Такая застройка защищала не только от ветра и зноя, но и от неприятеля, прорвавшегося за стены: в каменном лабиринте тяжело бежать, но удобно обороняться,
В овладении Баку хазарским племенам везло меньше, тимуридам больше. Город стал русским после того, как князь Павел Дмитриевич Цицианов, прибыв на переговоры к стенам города под охраной лишь одного своего имени, был обезглавлен позабытым ныне ханом.
Древнейшие постройки — прибрежный минарет Абу Бакра, на шпиль которого ориентировались завоеватели, караваны и корабли. И Гыз галасы — темная Девичья башня, коническое рослое строение, похожее на рубку подлодки и породившее две легенды: о святом Варфоломее, апостоле Христа, казненном у ее подножья; и о дочери шаха, кинувшейся с вершины башни в море накануне свадьбы с собственным отцом.
Наряду с Ичери-шехер, Внутренним городом, градообразующим был целый ряд поселений, составлявших Байыр-шехер — Внешний город, или Форштадт. Новейшие времена сохранили от Форштадта лишь название.
Что помнят глаза? Они помнят, как море рожает солнце, как бухту рассекает клинок, как рассвет озаряет угол стены: камень отполирован в двух местах — на уровне опущенной детской руки и чуть выше — руки старческой. На панели проснувшаяся кошка прогибается струной моста от самых коготков… Из-за окна, забранного решеткой, раздается всхлипывающий рокот спущенного бачка, пение дверных петель.
И помнят глаза, как садится солнце. Как тень проливается по Большой крепостной от Верхнего базара к Нижнему: от Юхары-базар, царства ювелиров, до ремесленнического Ашагы-базара. От Шемахинских ворот и от Сальянских — к резным камням дворца Ширваншахов. Как проясняются, становятся мягкими очертания ослепших от солнца дворцовых строений: густые резные арабески, купольные бани, диван-сарай, мечеть и беседка, скрывающая глубокий колодец и возвышение рядом. Мы воображали, что это и есть шахская тюрьма: из колодца доставали преступника, а на лобном месте палач отсекал ему голову. Из подземелья к лицу льнула прохлада и слабый запах хлорки. Дышал раскаленный за день камень.
В середине XIX века нефть вскормила этот город. Лет за двадцать уездный городок превратился в один из крупнейших городов империи. По росту населения он крыл даже Сан-Франциско времен Золотой лихорадки. В том же 1849 году, когда была пробурена на Апшероне первая скважина, на Американской речке у лесопилки Саттера нашли первое золото, и оба города мгновенно стали известны всему миру. Черное золото откликнулось собрату.

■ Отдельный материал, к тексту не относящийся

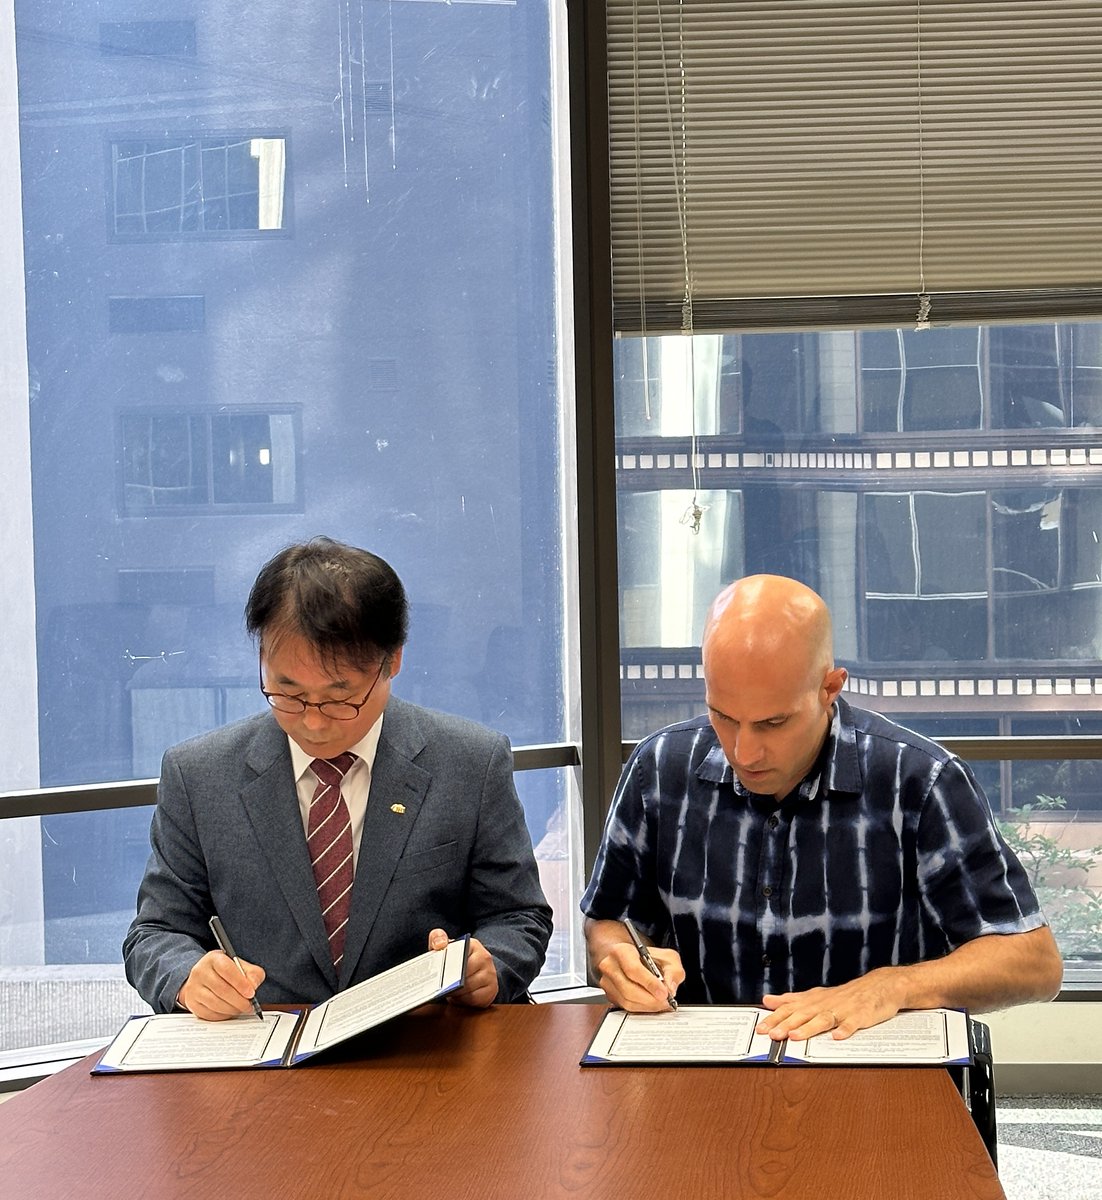 1/ 🤝 Today, we are thrilled to announce the signing of a Memorandum of Understanding (MoU) with the esteemed Jeju Research Institute (jri.re.kr/index.php), represented by Dr. Yang Duksoon, President of JRI, and our President , @DavidSantoro1.

Гославский, Скибинский, Эдель, Гаджибабабеков, Серман, Фон-дер-Нонне застраивают город с той же интенсивностью, с какой нефтяные поля Апшерона покрываются буровыми вышками. Нефтепромышленники возводят особняки и доходные дома. Каждая постройка баснословна. Мавританский стиль захватывает набережную бухты чередой Алупкинских дворцов, удел наместника Кавказа попран. Усобица азарта питает создание шедевров в духе лучших европейских образцов модерна, ампира, классицизма, новой готики и нового барокко. Воплощенные в белом камне, детализированные миражи Вены, Петербурга, Берлина, Стокгольма населяют каменистый порог Персии. К началу XX века Баку обретает необщее выражение облика, снискавшего ему славу «Парижа Востока».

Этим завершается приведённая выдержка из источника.